Fraksi NasDem Tuding EKORA NTT Sontoloyo: Beritakan Kasus Dugaan Korupsi Tunjangan Kerja DPRD Sikka

Maumere, Ekorantt.com – Fraksi Nasional Demokrat (NasDem) Kabupaten Sikka menuding Surat Kabar Harian (SKH) EKORA NTT sebagai media sontoloyo dan loyo.

Tudingan sontoloyo dan loyo dialamatkan kepada wartawan EKORA NTT.

“Koran EKORA NTT yang memfitnah ini, saya yakin, wartawannya sontoloyo, orangnya loyo,” ungkap Ketua Fraksi NasDem Siflan Angi melalui Pendapat Fraksi dalam Rapat Paripurna V Tahun 2019 Kabupaten Sikka tentang Laporan Hasil Pemeriksaan (LHP) Badan Pemeriksa Keuangan (BPK) Republik Indonesia (RI) Perwakilan NTT di ruang sidang DPRD Sikka, Maumere, Selasa (23/7/2019).

Selain menyebut sontoloyo dan loyo, anggota DPRD Sikka dua periode itu menuding EKORA NTT dan Bupati Sikka Robby Idong memfitnah, menjustifikasi, dan mem-bully anggota DPRD Sikka.

“Sangat sakit, kejam, sadis,” tutur politisi yang gagal terpilih menjadi anggota DPRD Provinsi NTT dalam Pemilihan Legislatif (Pileg) 2019 lalu.

iklan

Tudingan disampaikan terkait berita tentang dugaan korupsi tunjangan perumahan dan tunjangan transportasi anggota DPRD Sikka Periode 2014 – 2019 Tahun Anggaran 2018.

EKORA NTT dinilai melakukan pemberitaan secara sepihak terkait kasus ini.

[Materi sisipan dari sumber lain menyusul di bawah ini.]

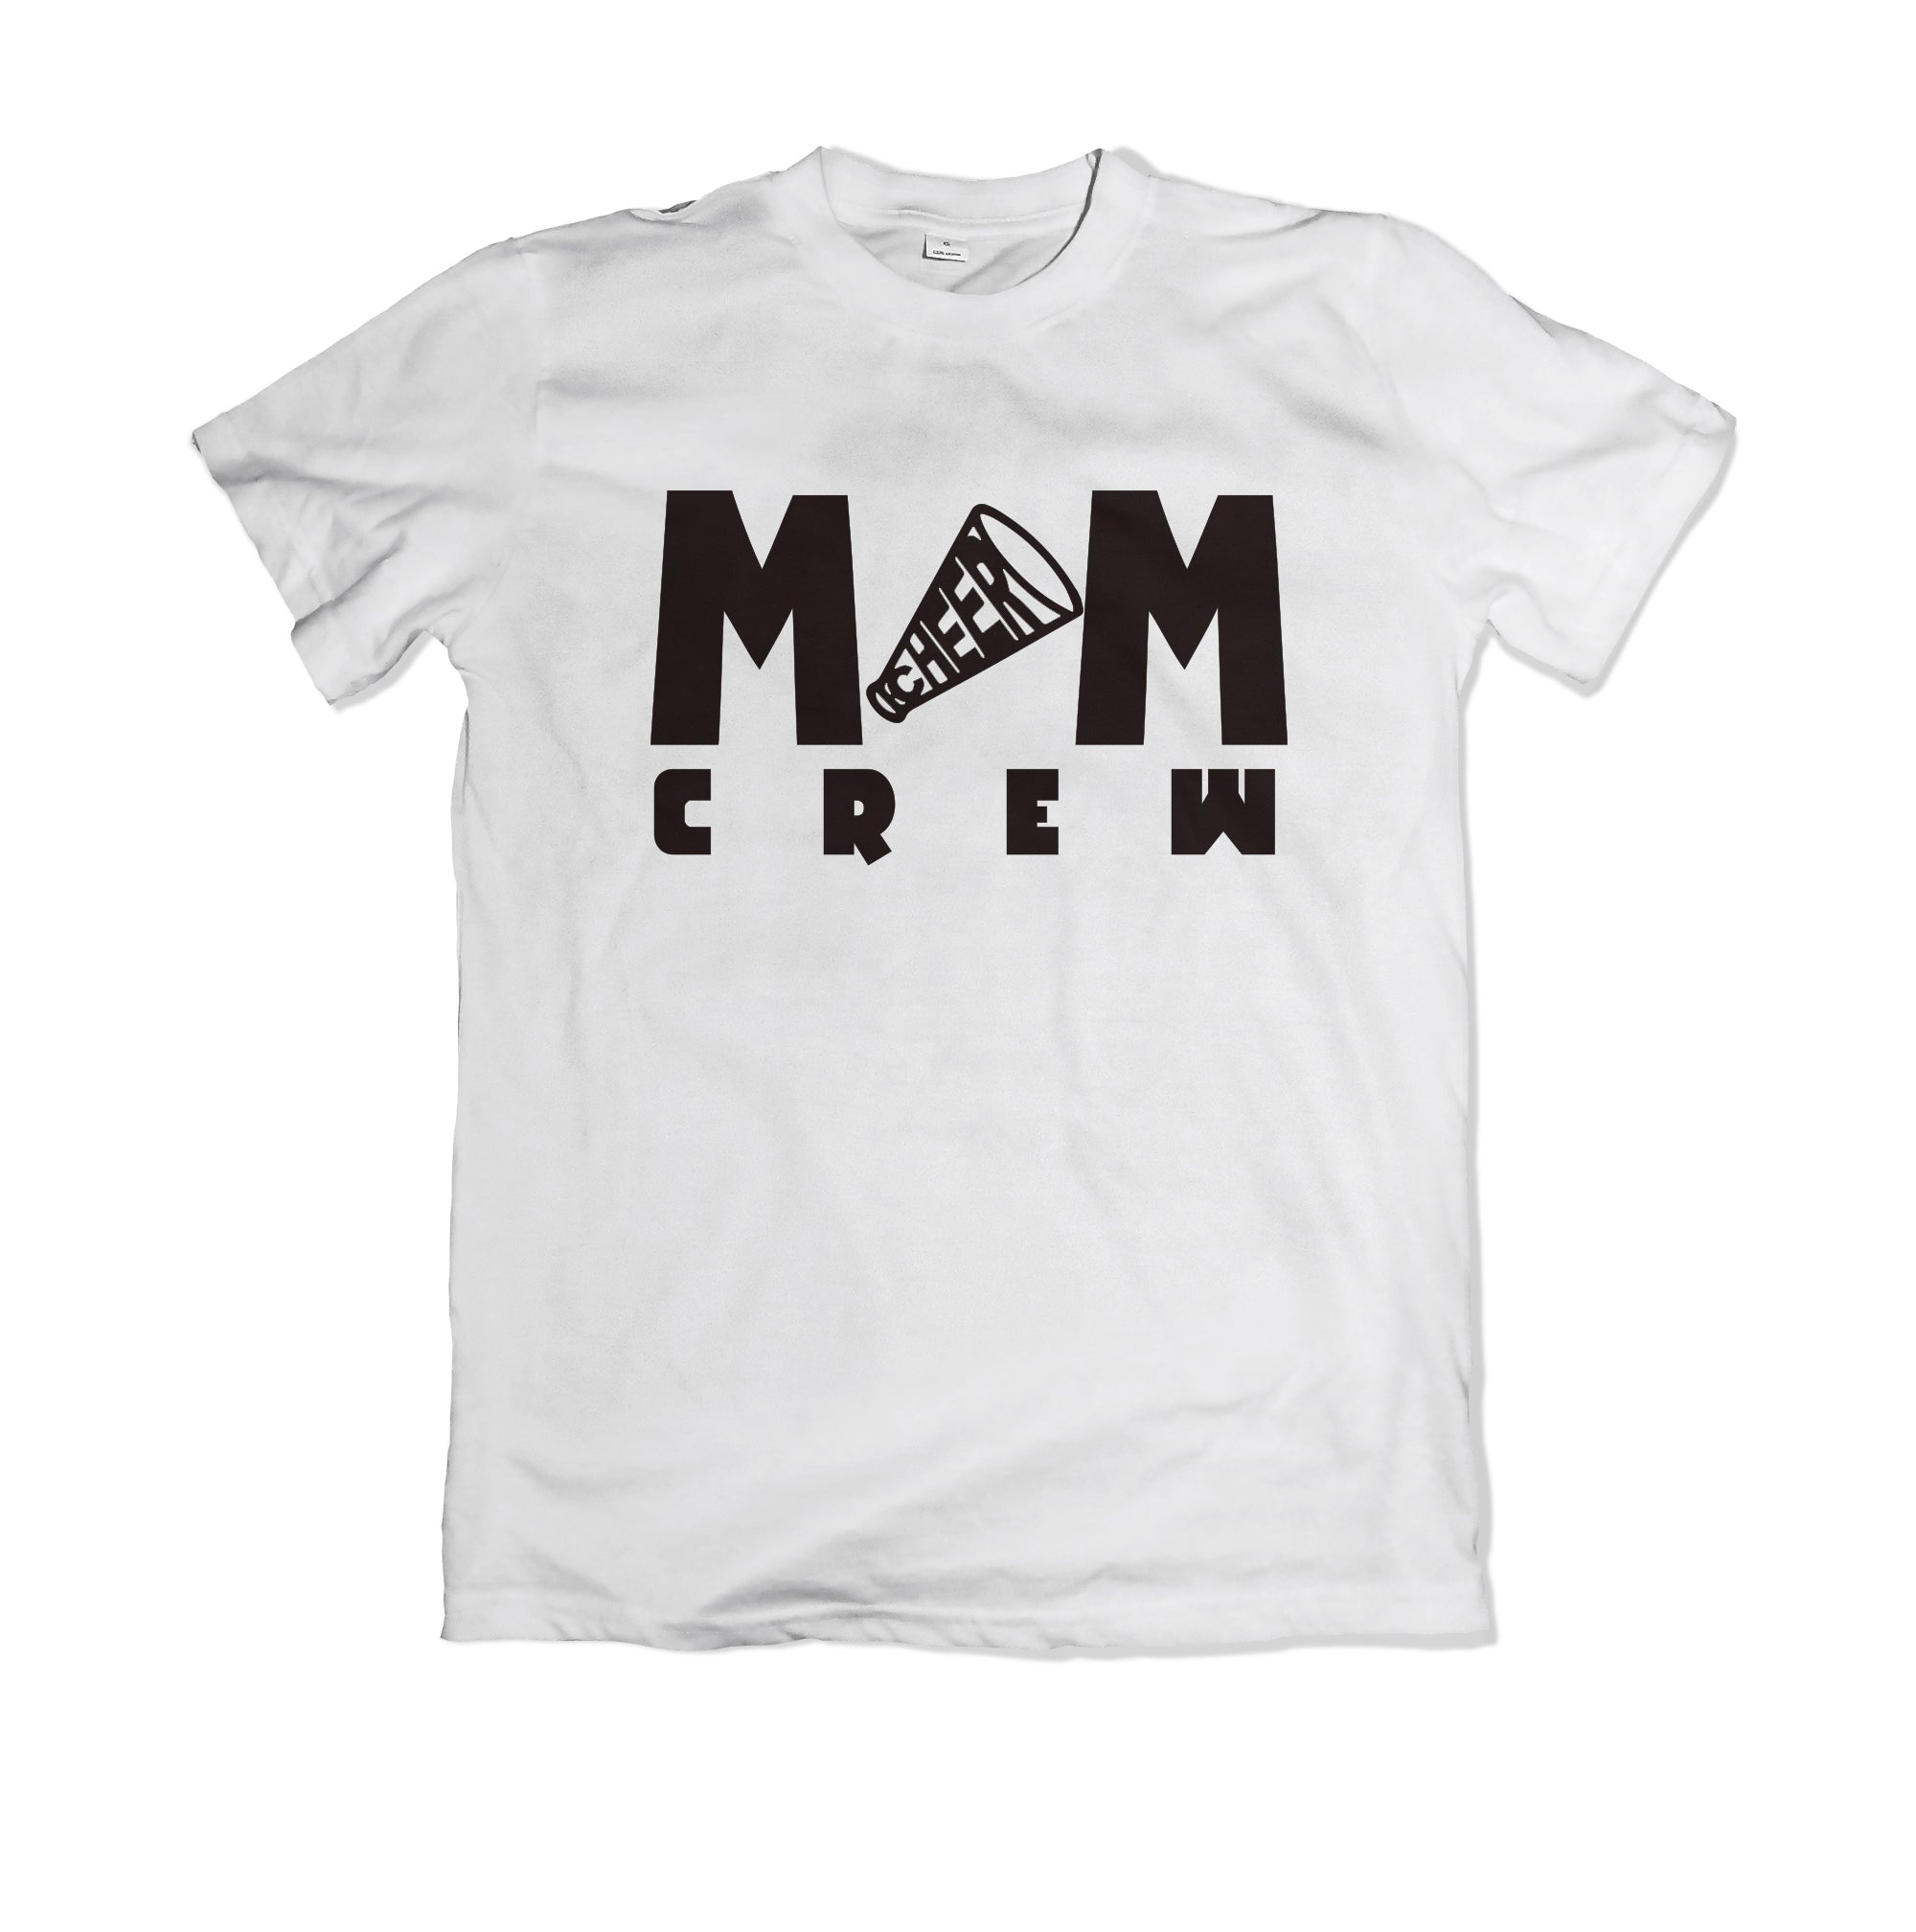 Cheer Mom T-Shirt - TOPS, TSS CUSTOM GRPHX, SNEAKER STUDIO, GOLDEN GILT, DESIGN BY TSS

Menurut Siflan, Fraksi NasDem akan menempuh jalur hukum. Dia mengaku akan pakai Undang-Undang Nomor 40 Tahun 1999 tentang Pers untuk menyelesaikan kasus ini. 

“Fitnah yang dilakukan Saudara Bupati dan koran EKORA NTT dengan tegas Fraksi menyatakan akan menempuh jalur hukum. Sudah pasti kita bertemu di Pengadilan Maumere supaya terang benderang untuk membuktikan tudingan Saudara Bupati dan Koran EKORA NTT. Fraksi NasDem siap memproses hukum,” ungkap wakil rakyat itu.

Pers dan Politik Saling Butuh

Dosen Ilmu Komunikasi Unipa Maumere Dr. Gerry Gobang saat dimintai tanggapannya pada Jumat (25/7) berpendapat, media massa atau pers dan politik saling membutuhkan. Di era ini, media memberi banyak pengaruh terhadap politik. Salah satunya adalah citra politisi.

Menurut Jebolan STFK Ledalero ini, politisi janganlah sekali-kali menafikan peran pers sebagai pilar demokrasi dengan ujaran-ujaran yang mengarah kepada hate speech atau ujaran kebencian.

Dia mengingatkan, pers perlu terbuka pada kritik yang konstruktif. Media perlu berikhtiar terapkan pemberitaan investigatif agar tidak terjebak dalam hoaks atau fitnah.

“Pers berperan dalam kontrol sosial dengan menyebarkan informasi ke publik yang akurat yang telah di-check dan recheck secara valid agar informasi itu terpercaya dan dapat dipertanggungjawabkan jika publik, termasuk politisi mengkomplain,” ungkapnya.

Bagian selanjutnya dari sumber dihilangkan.